Уйти, ничего не купив?

Скульптурную группу? Статуэтку?

Повсюду в свободных позах, группой и порознь, стояли Толстой, Чехов, Бунин.

Гранит, бронза, фарфор: Толстой-артиллерист, палящий из мортиры, доктор Чехов, принимающий роды.

Немного поискав, Барсов нашел глиняную свистульку.

Забавный, с дырочками, Бунин!

Глава девятнадцатая.

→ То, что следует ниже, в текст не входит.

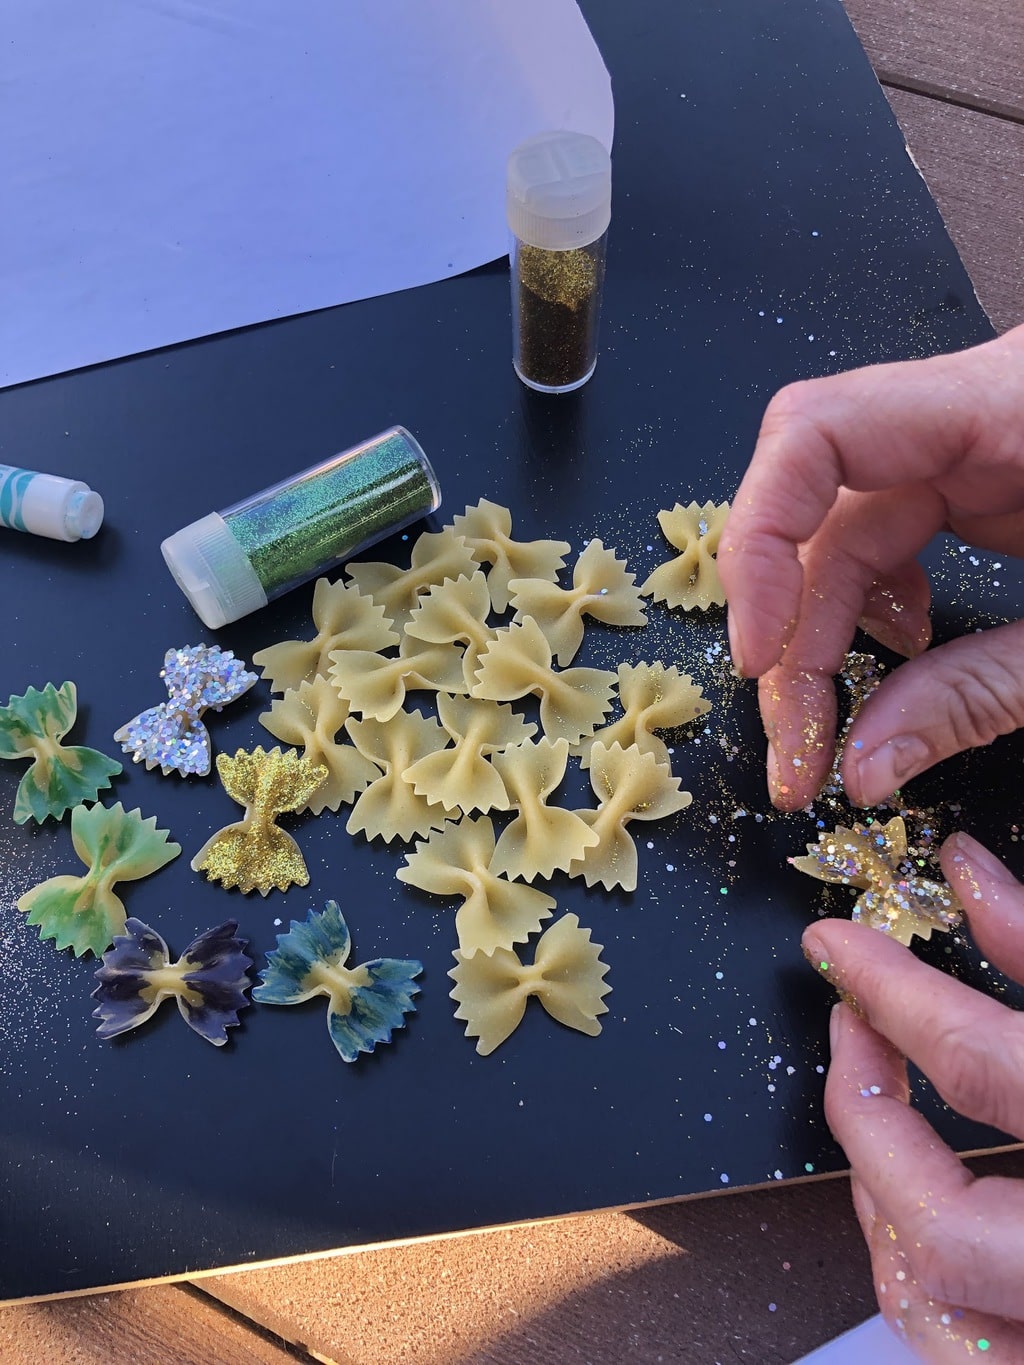 Sprinkling glitter on pasta butterflies

Вольнные кровельщики

Он явился в окружной суд отметить командировку, и там петербургский следователь попросил его на несколько часов задержаться с тем, чтобы Барсов выехал в Москву другим поездом и в вагоне попутно приглядел за интересовавшими столичных людьми.

Убить время Барсов поехал в Минералогический музей — его брат Александр Филиппович Постельс исправлял там какую-то должность по части полезных ископаемых.

«Не ждал! — близнец поднялся навстречу своему отражению. — Давно приехал?»

«Уже уезжаю», — москвич довольствовался пожатием руки и не поцеловал своего брата — отношения между ними не складывались.

У себя в кабинете молодой ученый был не один: с огромными ногтями на краю стола сидел человек смутно знакомой наружности.

«Гриневич Михаил Станиславич, — брат обозначил. — Представь, вербует меня в вольные кровельщики!»

«Признаюсь, слышал лишь о вольных каменщиках», — Барсов протянул руку, и Гриневич царапнул его.

«Вольные кровельщики, — странный произнес со значением, — приходят на смену вольным каменщикам!»

Еще немного они проговорили в том же духе.

«Ну, как живешь?» — когда они остались одни, спросил москвич петербуржца, намекая на давнишнюю его связь с генеральской дочерью.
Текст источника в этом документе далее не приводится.